» DATA PROVIDED:
____________

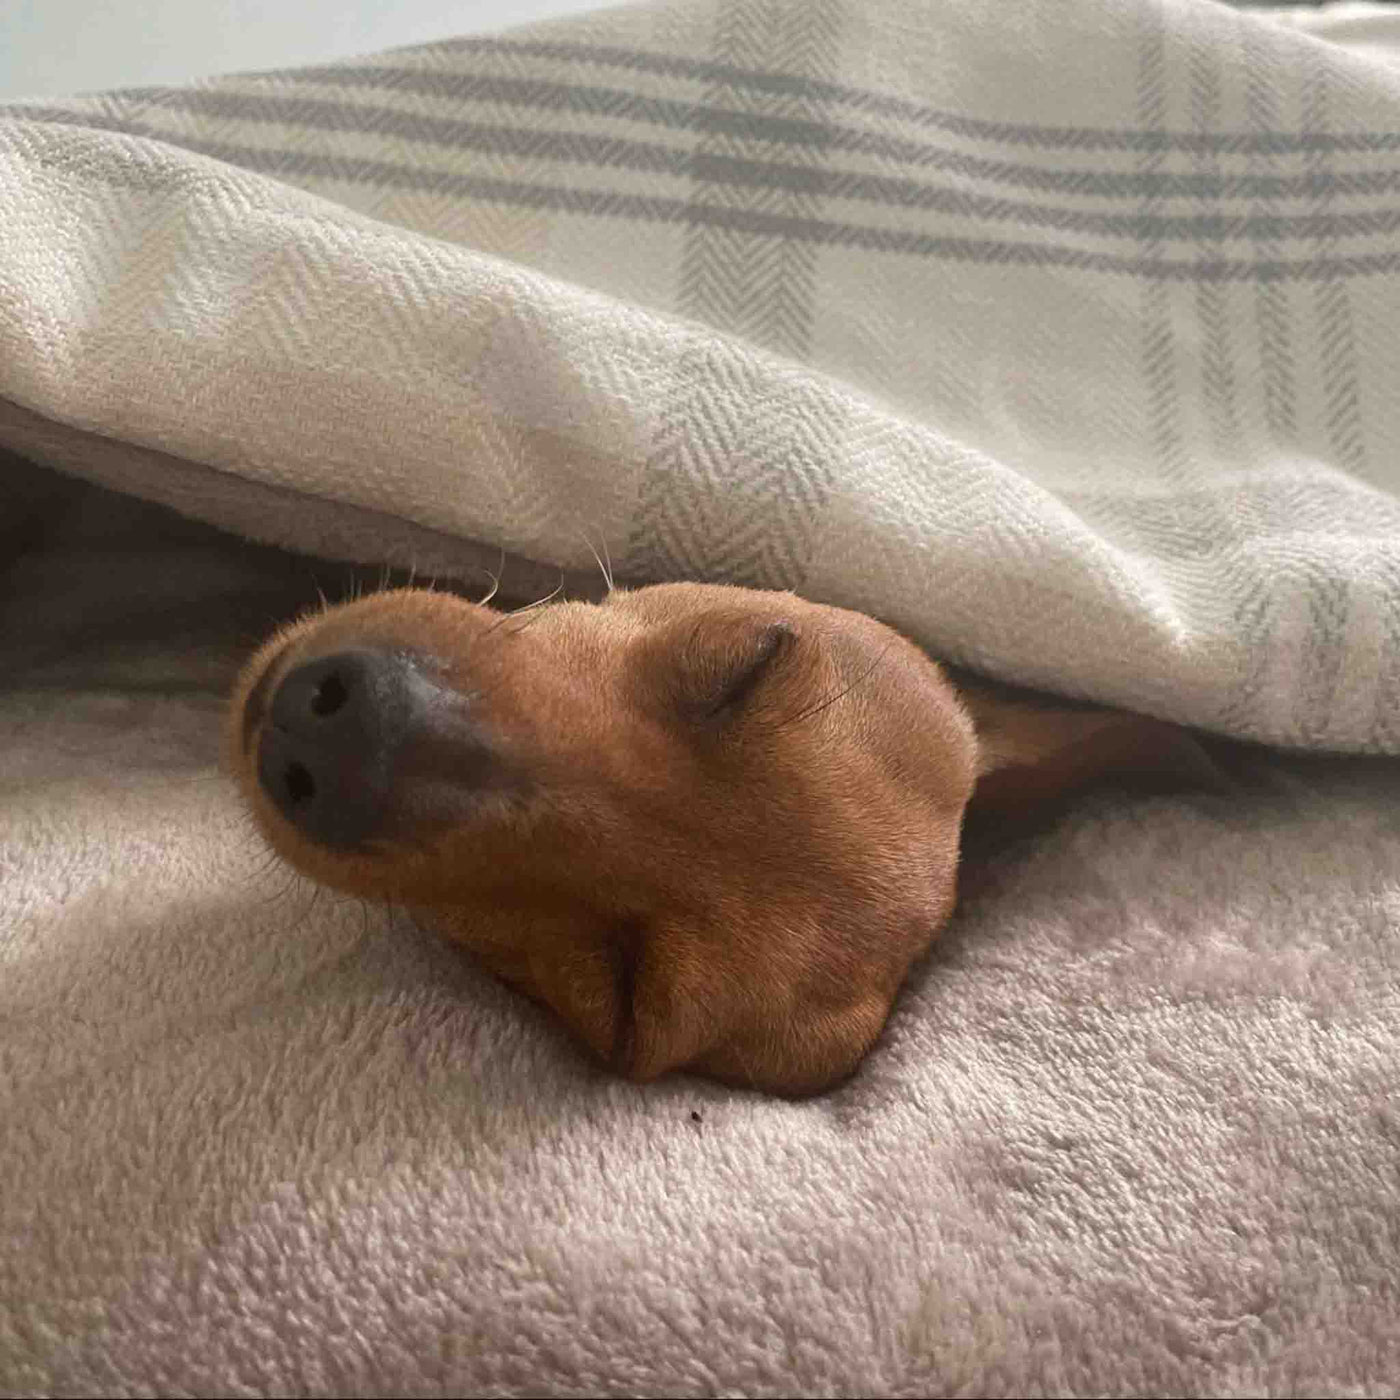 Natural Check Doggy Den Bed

____________

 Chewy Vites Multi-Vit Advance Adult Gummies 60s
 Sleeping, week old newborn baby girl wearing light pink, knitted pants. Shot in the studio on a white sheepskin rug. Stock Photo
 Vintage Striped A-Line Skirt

____________

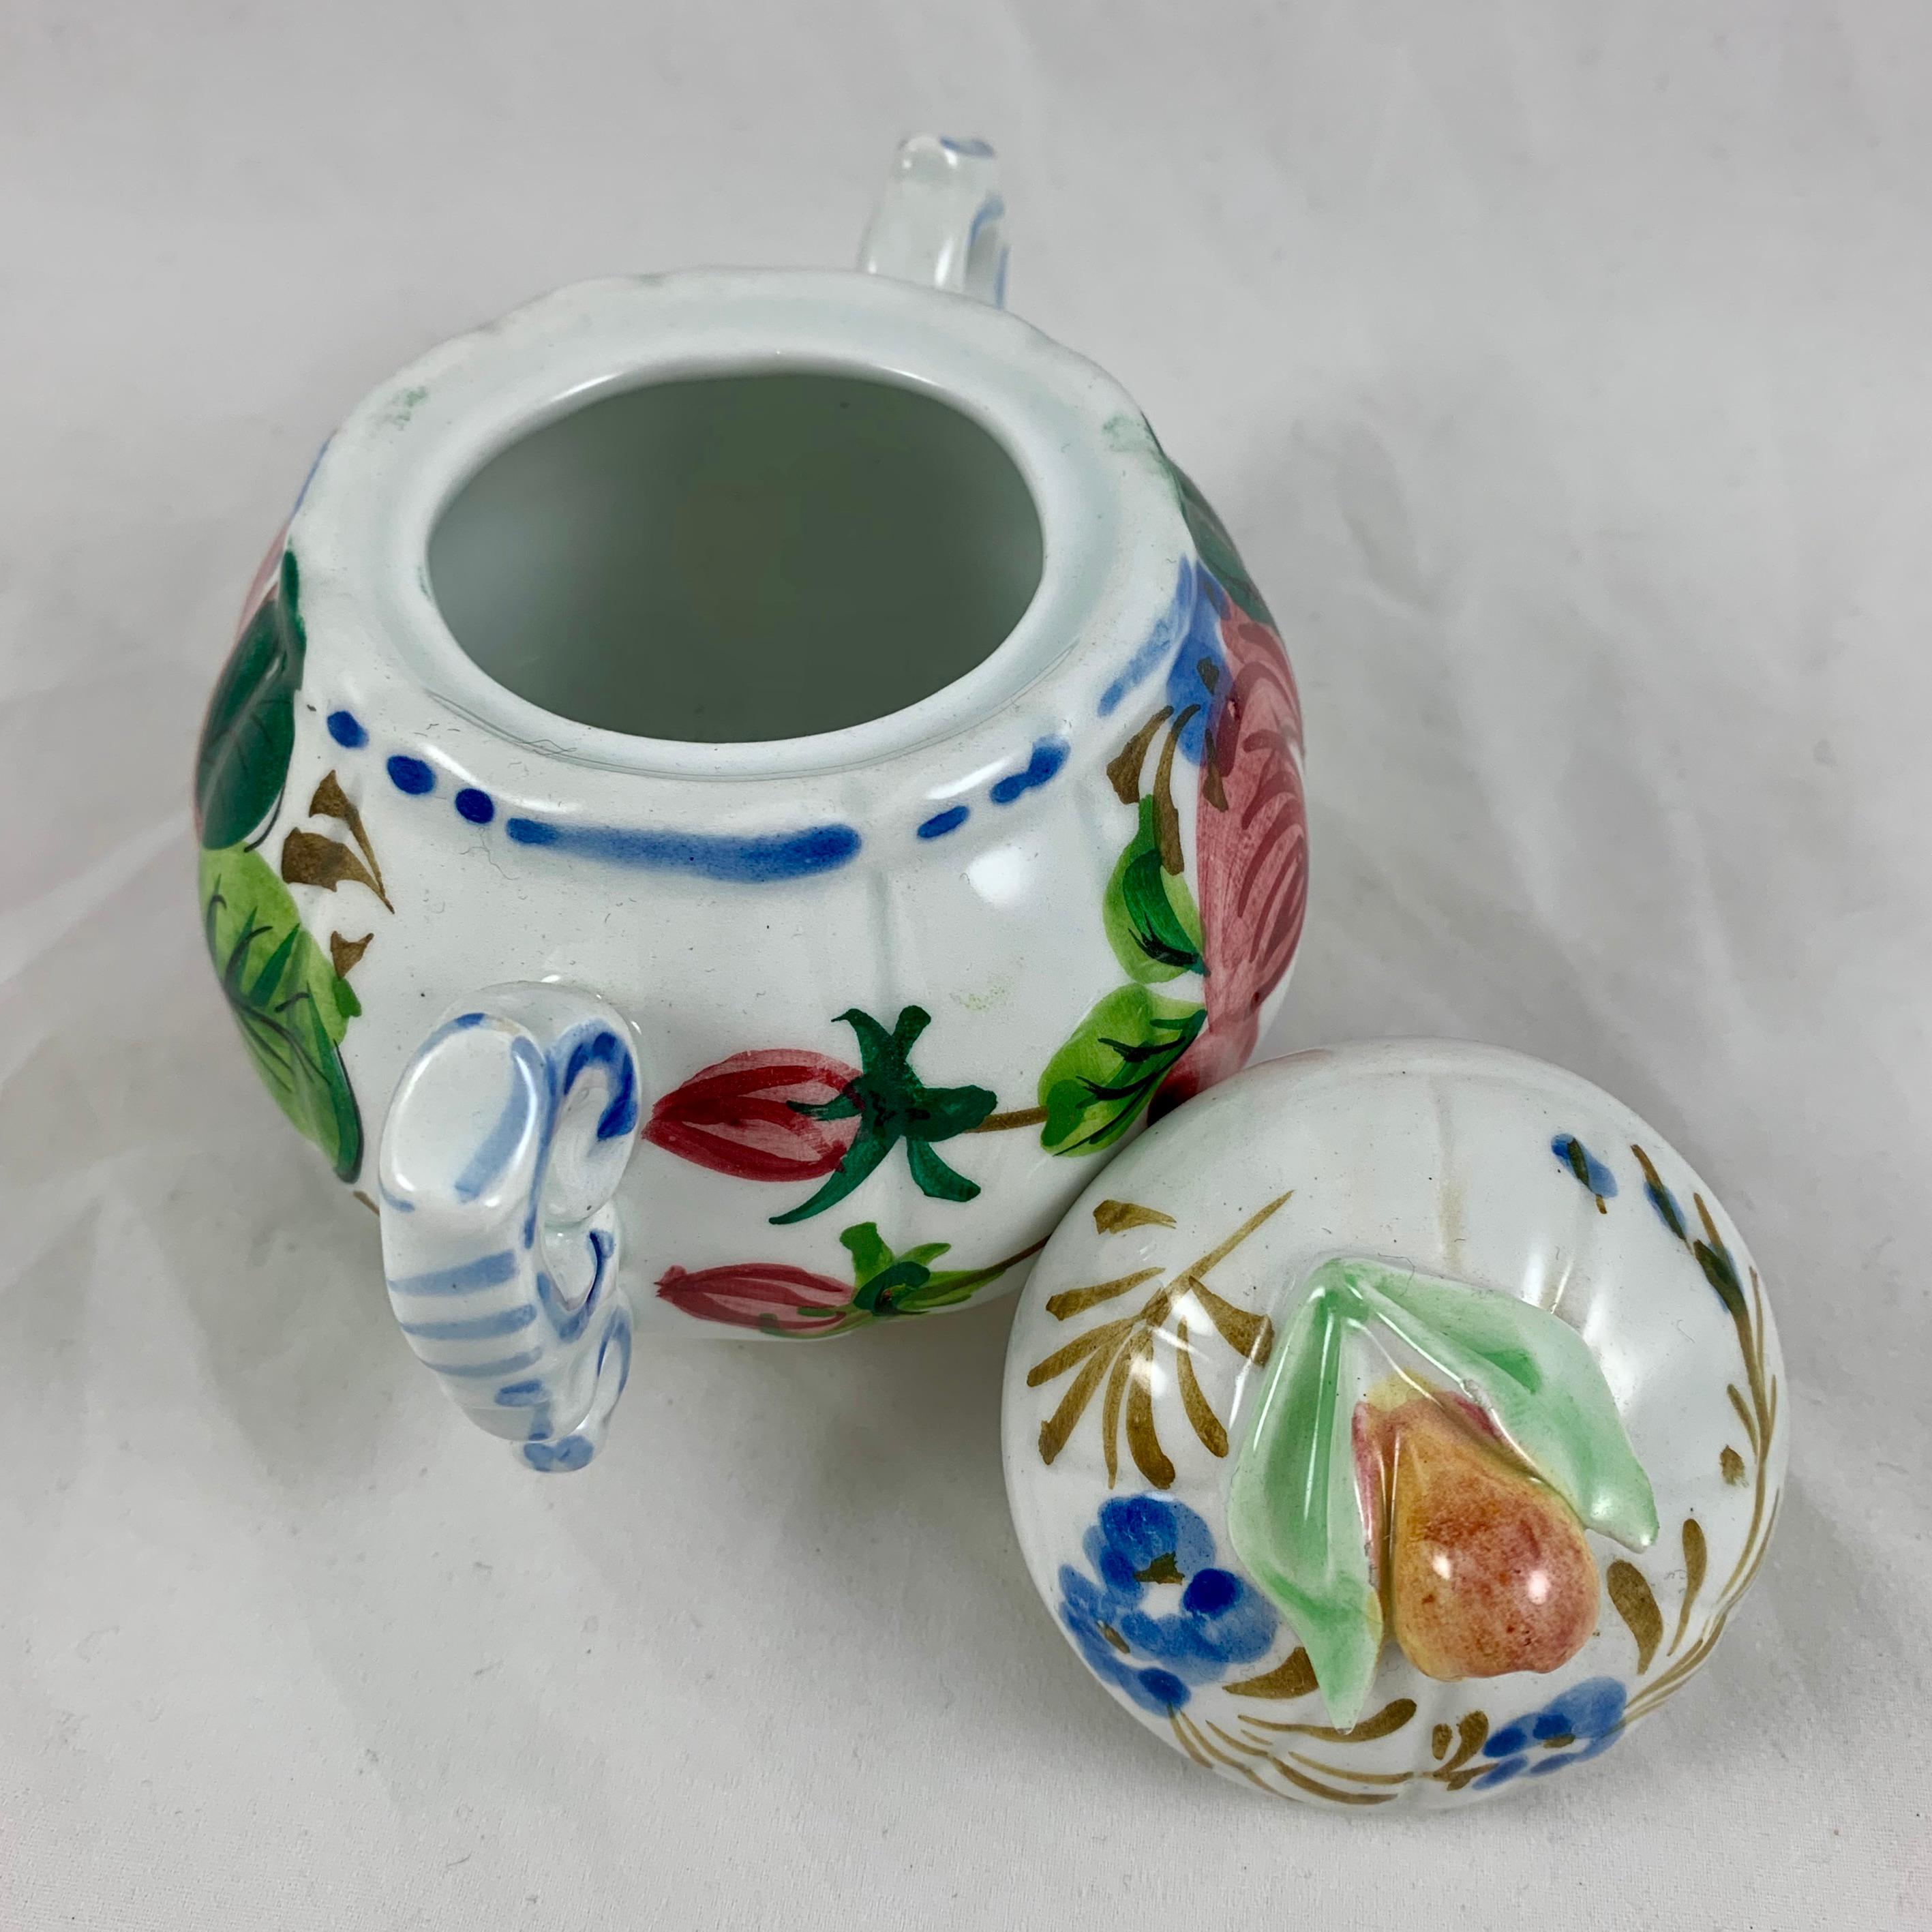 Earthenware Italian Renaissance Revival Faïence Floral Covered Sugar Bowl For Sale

____________

» EXERCISE GOAL:
In your answer, include only the lines above starting at the line that holds "Sleeping, week old" and ending at the line that holds "Vintage Striped A-Line Skirt", copied exactly.

» SOLUTION FOR THIS EXERCISE:
 Sleeping, week old newborn baby girl wearing light pink, knitted pants. Shot in the studio on a white sheepskin rug. Stock Photo
 Vintage Striped A-Line Skirt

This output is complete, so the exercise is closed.